- Official film poster
- Directed by: Easa Shareef
- Written by: Mohamed Manik
- Screenplay by: Mohamed Manik Easa Shareef
- Produced by: Easa Shareef
- Starring: Asad Shareef Fathimath Nizar Fathimath Rahma Easa Shareef
- Cinematography: Hassan Latheef Amir Ali
- Edited by: Easa Shareef
- Production companies: D.H. Studio Easa Films
- Release date: 1990;
- Running time: 130 minutes
- Country: Maldives
- Language: Dhivehi

= Karunaige Agu =

1990 Maldivian film

Karunaige Agu is a 1990 Maldivian film directed by Easa Shareef. Produced by Shareef under D.H. Studio and Easa Films, the film stars Asad Shareef, Fathimath Nizar, Fathimath Rahma and Easa Shareef in pivotal roles.

==Premise==
Shahid Shareef (Asad Shareef), an intelligent doctor proposes his colleague, a hardworking nurse, Shiyana (Fathimath Rahma) who accepts him as her love interest despite being hesitant due to their social difference. Meanwhile, his impertinent mother, Shahidha (Fathimath Didi) arranges his marriage with a prideful daughter from a wealthy family, Shehenaz (Fathimath Nizar), whose father, also the step-father of Shahid, financed him with medical education. He gets heartbroken when he hear the news of his marriage being arranged to Shehenaz, though hopeless, he agrees to the wedding. The couples experience infertility and Shahid suggest that his plan for another marriage if his wife cannot conceive a baby for him. Shortly, Shehenaz discovers her husband's affair with Shiyana.

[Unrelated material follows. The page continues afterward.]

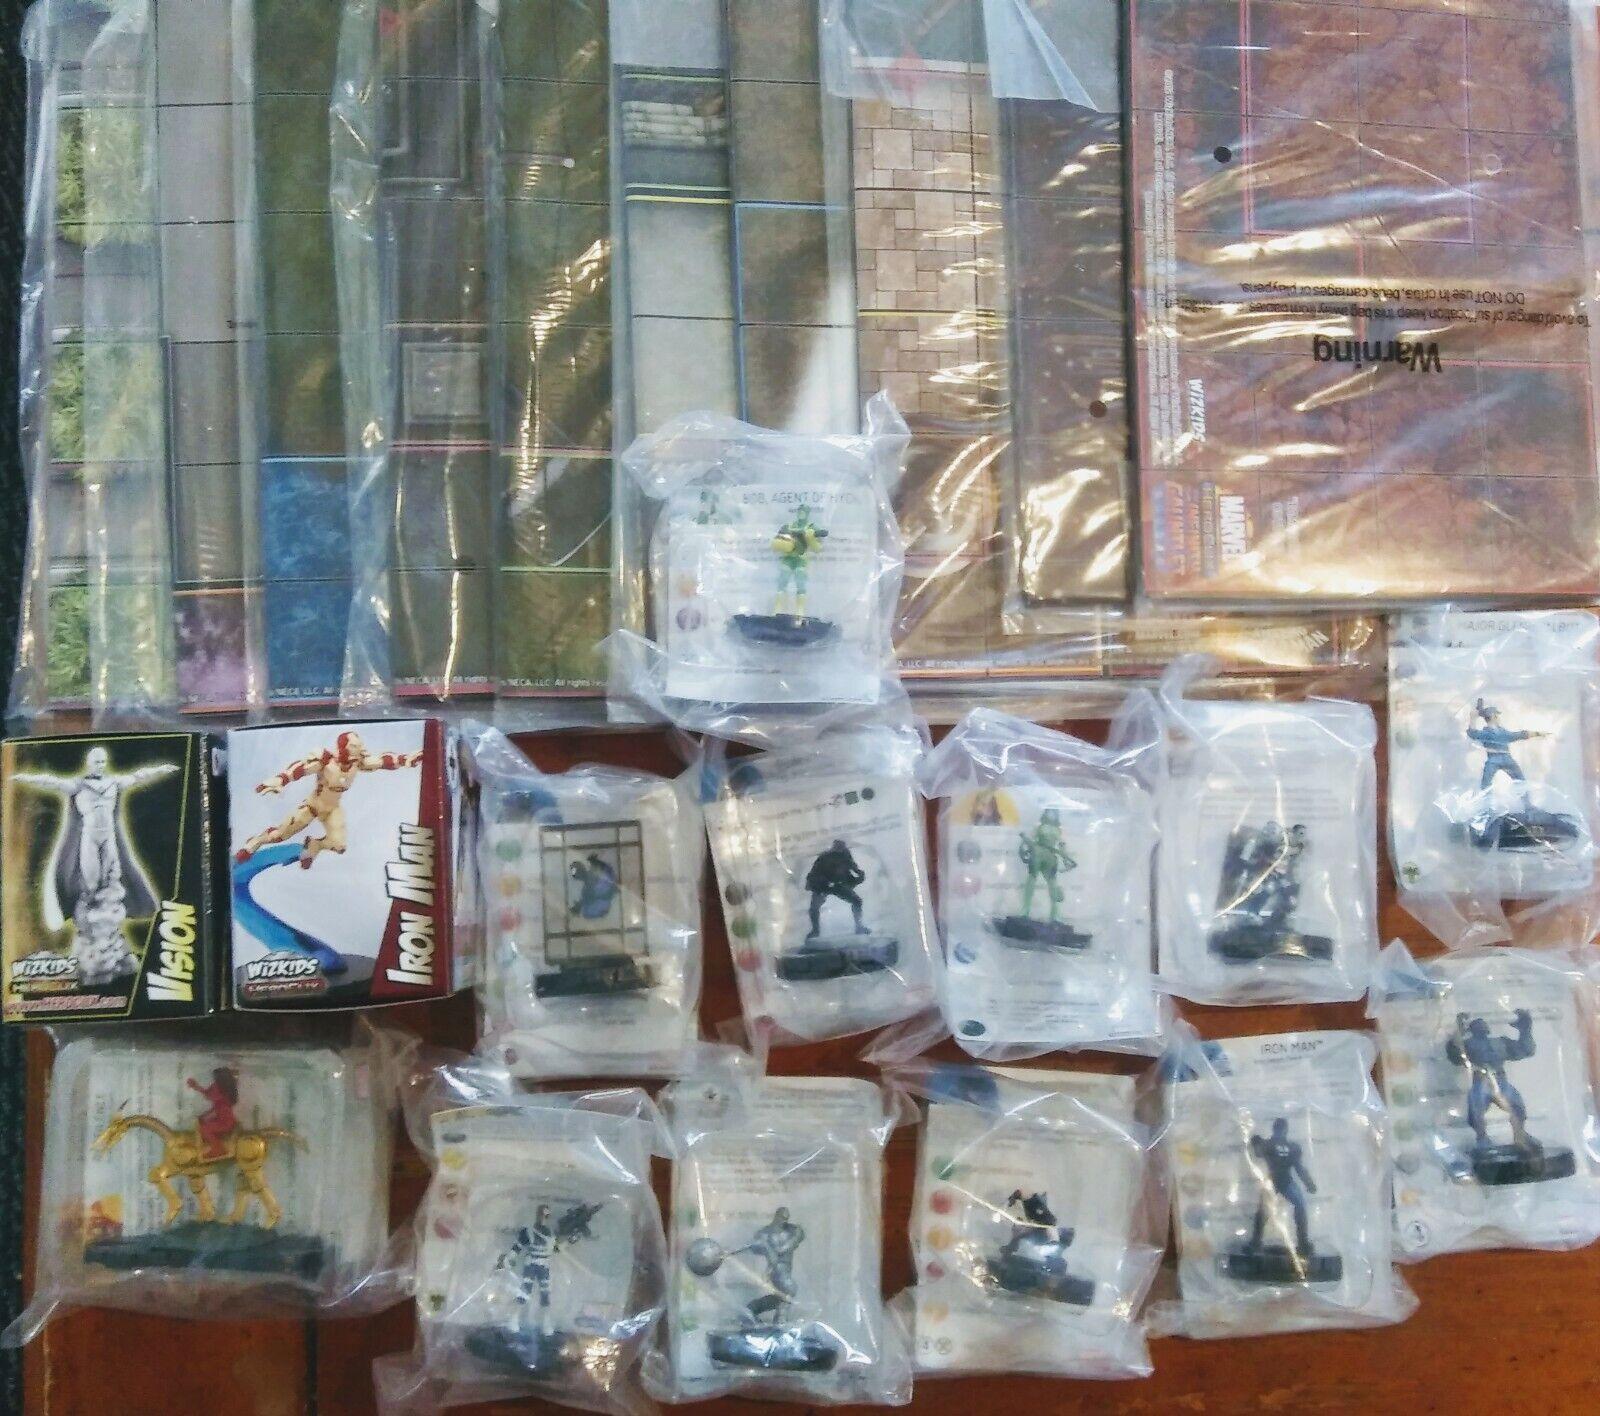 Lote de Heroclix Marvel Marqués, Figuras, Mapas - 24 piezas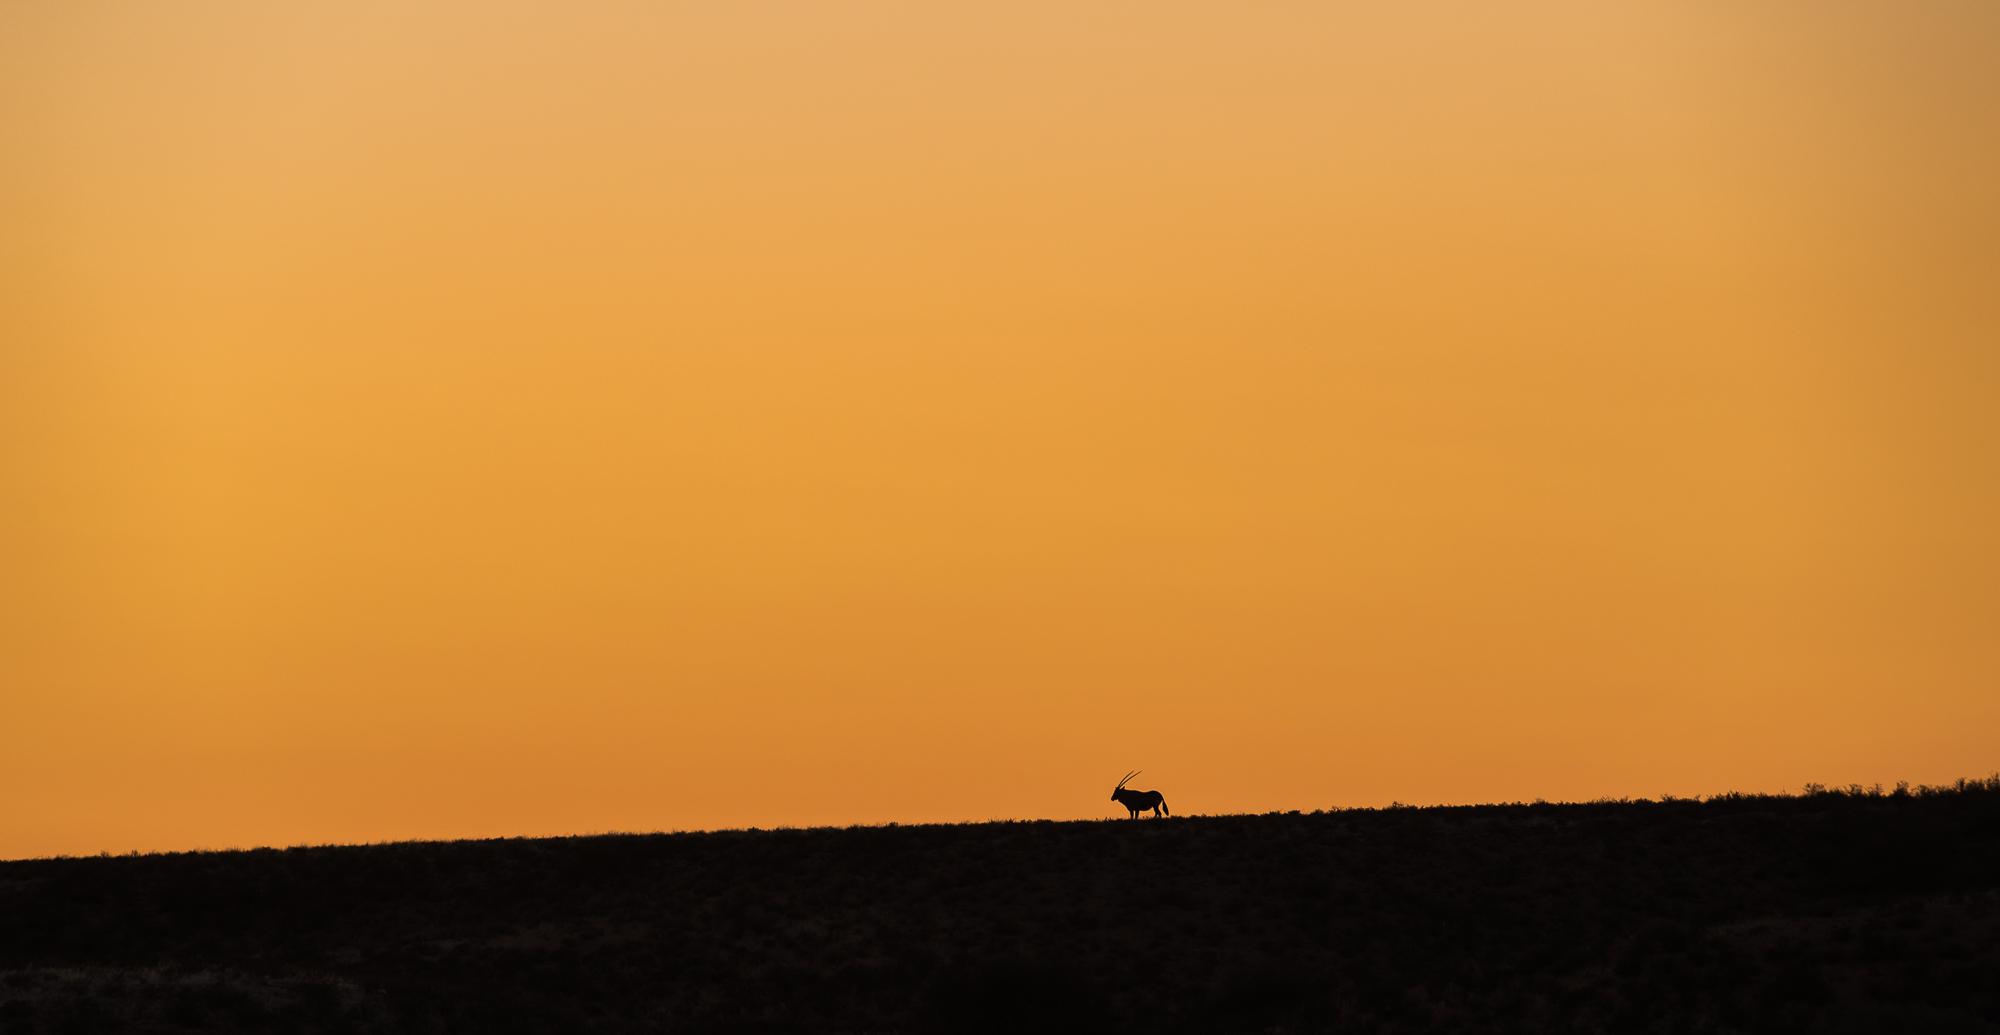 Gemsbok tijdens zonsopkomst in Kgalagadi

Shahid's father, Muneer (Kaneeru Abdul Raheem), agrees him to marry Shiyana and this initiates a series of hurdles in the family. After the demise of Muneer and Shahidha, Shehenaz dominates in the house and undermines Shiyana at all her attempts. Soon after Shiyana gives birth to a healthy boy, Shahid has to leave abroad for a course. In the meantime, Shehenaz's friend, Ziyad (Easa Shareef) stays in their house. Shehenaz takes the opportunity to plant evidence against her as having an affair with Ziyad. Shiyana, nothing in her defense and none to protect her, is thrown out from Shahid's house.

== Cast ==
- Asad Shareef as Shahid Shareef
- Fathimath Nizar as Shehenaz
- Fathimath Rahma as Shiyana
- Easa Shareef as Ziyad
- Fathimath Didi as Shahidha
- Kaneeru Abdul Raheem as Muneer; Shehenaz's father
- Aishath as Shaaira
- Ahusan
- Sithi Fulhu as Shiyana's grandmother
- Jaleel as Wahid

==Soundtrack==

Track listing
| No. | Title | Lyrics | Singer(s) | Length |
|---|---|---|---|---|
| 1. | "Loaiybey Mithaa Bunevenee Ey" | Kaneeru Abdul Raheem | Abdul Hannan Moosa Didi |  |
| 2. | "Mifaraaiy Balaabalaashey" | Kaneeru Abdul Raheem | Abdul Hannan Moosa Didi, Shafeeqa Abdul Latheef |  |
| 3. | "Nikamethi Ehaa Dhera Meehakee" | Kaneeru Abdul Raheem | Shafeeqa Abdul Latheef |  |
| 4. | "Lavvaashi Rahumathugaa Kalaa" | Kaneeru Abdul Raheem | Shafeeqa Abdul Latheef |  |

==Response==
The film received mixed reviews from critics, where the performance of the lead actors and the songs by Abdul Hannan Moosa Didi were in particular praised by the critics.